Haiku review – the last poem

This is the haiku review for the haiku, the last poem, by Sanjuktaa Asopa. The review is by members of In Haiku Mumbai and Chennai.

 

the last poem
signed with a flourish-
falling star

**

Gautam

 

This poem leaves so much open to interpretation that it has all the hallmarks of a super haiku.

 

I say haiku with some reservations because “falling star” appears to be a kigo. Yet the sensibility seems to point to the senryu. After all, writing poetry does not belong to the purely natural world and appears to be more man-made.

Apart from categorizing the poem, there is more than one level that opens up to the perceptive reader.

Who was this poet? Did he/she know the poem would be the last one at the time of writing? Or did the chronicler interpret it this way much later?

The flourish mentioned, may be an interpretation rather than intended by the poet.

Falling star, is suggestive of decline, but who noticed it, the poet of the last poem or the chronicler?

All these questions have a myriad possible answers, and as a well known critic once said, rhe more interpretations possible, the better the poem.

**

 

Geetanjali

 

This haiku by Sanjuktaa Asopa starts with an end by referring to a last poem. The stage is set for a sad haiku defined by a sense of loss in the first line itself. The second line introduces the poet (without any pronouns) and shows the flourish with which the poem has been signed. The image of a poet who is on the verge of a literal or metaphorical death is what comes to mind. This could be the last time the poet will ever write and sign a creation.

 

Then, Sanjuktaa juxtaposes the flourish of the pen very deftly, with a falling star. Suddenly, the poem takes on a very different depth because to me, the image of a falling star is one that lights the sky and one that many yearn to see and perhaps, wish upon for their own future. The poet has perhaps lit up the world around her with her own creations and now, knows that she has to move on. And hence, the flourish of the last signature. The clever play on the words ‘falling star’, which could refer to leonids and perseids or to the falling star which is the state that the poet herself could be at, leaves the haiku at a semicircle with plenty of scope for the reader to step in and interpret.

 

From a sad haiku, this turned into a poem about quiet acceptance, dignity, ends, and perhaps, even trailblazing. The endless possibilities are definitely what made this haiku a winner. (It won a prize in 2011 at the Calico Cat international bilingual haiku contest held by Origa in memory of Hortensia Anderson).
**

 

Shreelatha

 

the last poem—anything that suggests “a last” is so sad; and here it says-a poem. how sad!

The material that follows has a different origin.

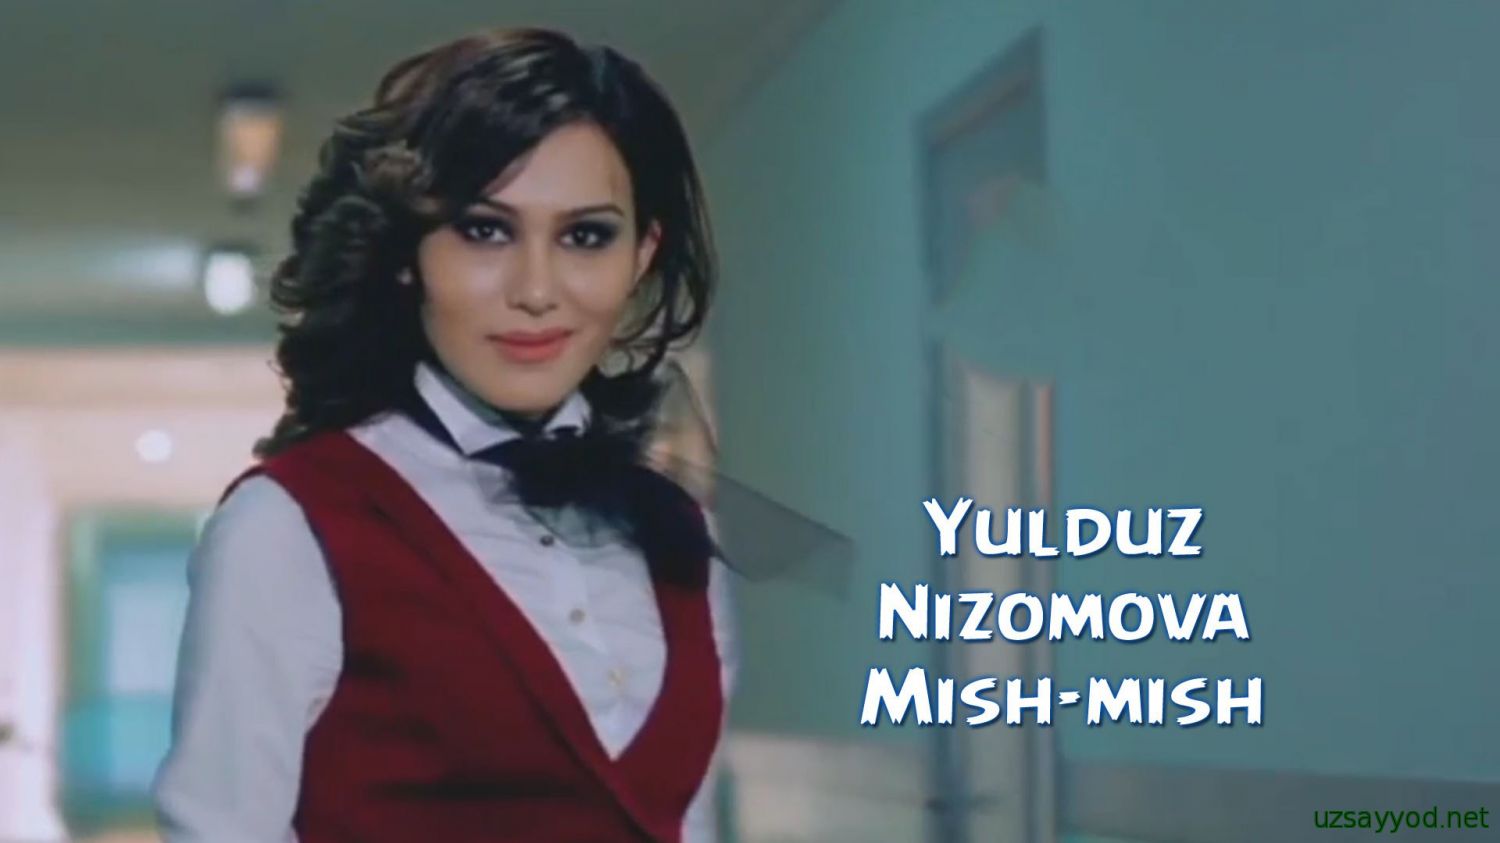 Yulduz Nizomova - Mish-mish
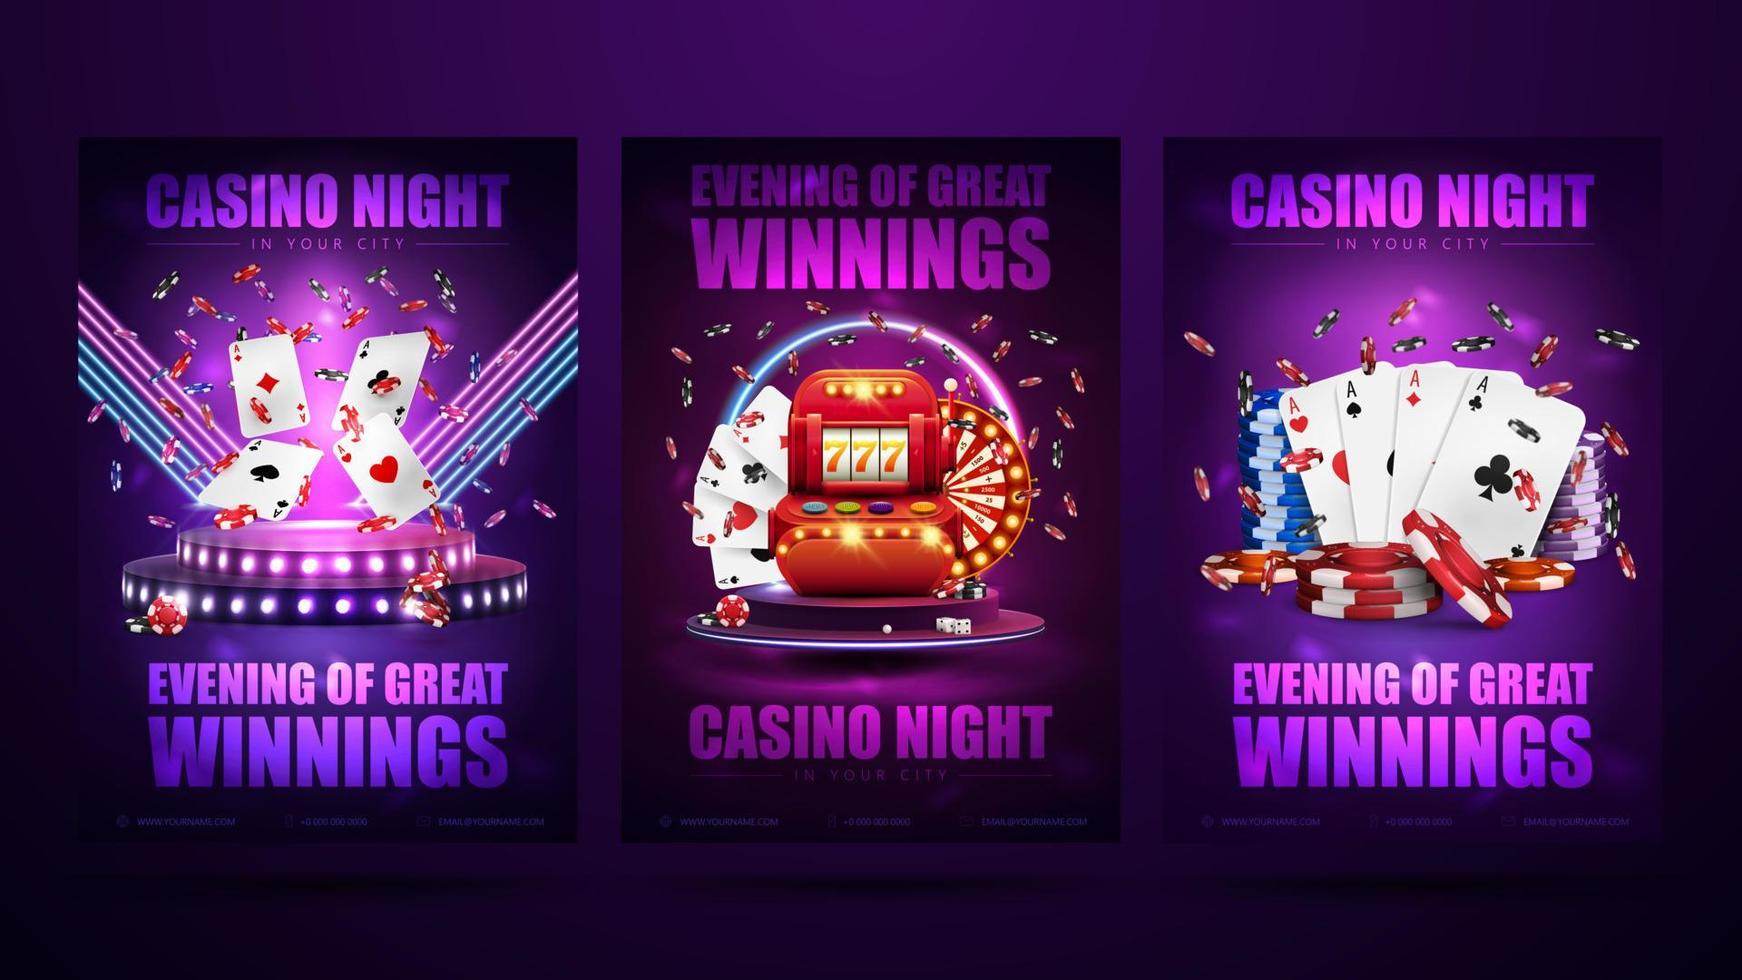 affischer med podium med röd spelautomat, spelkort och pokermarker. casino natt, uppsättning inbjudningsaffischer med neon casinoelement. vektor

When does one say its a last poem .when the poet is no more. A death ku?

 

signed with a flourish— wow that gives me hope but with a tinge of sadness that its all coming to an end. but not before that one last performance.

 

falling star- bright and beautiful journey of a star before it gets lost

 

As I finish reading this poem, one image flashes on my mind. Sachin Tendulkar.
**

 

Rohini

 

A rather sad haiku is brightened with ‘a flourish’. The last line sounds final.  Did she give up writing? Or is it a death haiku?

 

Falling star suggests the process has been going on for a while.  The decline may be due to old age or the declining fortunes of a famous person. But it is rescued by ‘signing with a flourish’ which shows a certain awareness of the decline and a defiance of it by signing with a flourish even right at the end.

 

So it’s really a hopeful haiku. I like the flourish put in the middle line so it can cushion  the bleakness of falling star which might have been too much of a downer on its own.
**

 

Raamesh

 

The context of the phrase gives a second meaning to the fragment: of the poet on the decline. This reading then reanimates the phrase, in my mind there’s the image of the poet/ess struggling to accept that s/he’s no longer as popular as s/he was, and like all declining stars, the flourishes becoming more pronounced. The first line nevertheless indicates an end to this struggle; the acceptance, perhaps even surrender, that there will be no more poems. So why not sign it off with a flourish?

 

Analysis is of course, not without context. Though Sanjukta might not have intended it, her ku makes me re-examine the publishing phenomenon that is Rupi Kaur, now on the upswing even as her popularity leaves the current price establishment in tatters, and I wonder how prepared she is for the inevitable eclipse. In the same way that one sees writers, sportsmen and ageing movie stars.

 

Is it a death ku? I do not think so, but there is the inevitability of it, but an artistic rather than literal death. A signal for our times.
**

 

Sandra

 

There is a certain pathos to this ku. The last poem of the poet signed with a flourish… gives the impression that the poet’s best days are over and that his talent is on the decline. Recognising this sad fact, the poet gives significant importance to what he thinks is his last work of art.
**

 

Brijesh

 

Perhaps a death ku, L1 sets a poignant tone. The word ‘flourish’ in L2 though suggests an almost impish satisfaction at a writing life well spent. After all, even a falling star draws gasps of delight.

 

I wonder if it could also allude to the creator’s pen using the skies for a page and a falling star as a signal for us to sit up and take notice, now that his/her work is done
**

 

Vidya

 

She is an aging diva, a doyen of yesteryears. And now she has given her final performance. She knows she will not be performing again. And hence gives her best.

 

This piece is also reminicent of O.Henry’s last leaf. The masterpiece that the artist dreams is his/her final performance.

 

Does she like the artist in the O.Henry’ s story die a physical death? Or is it an artistic death?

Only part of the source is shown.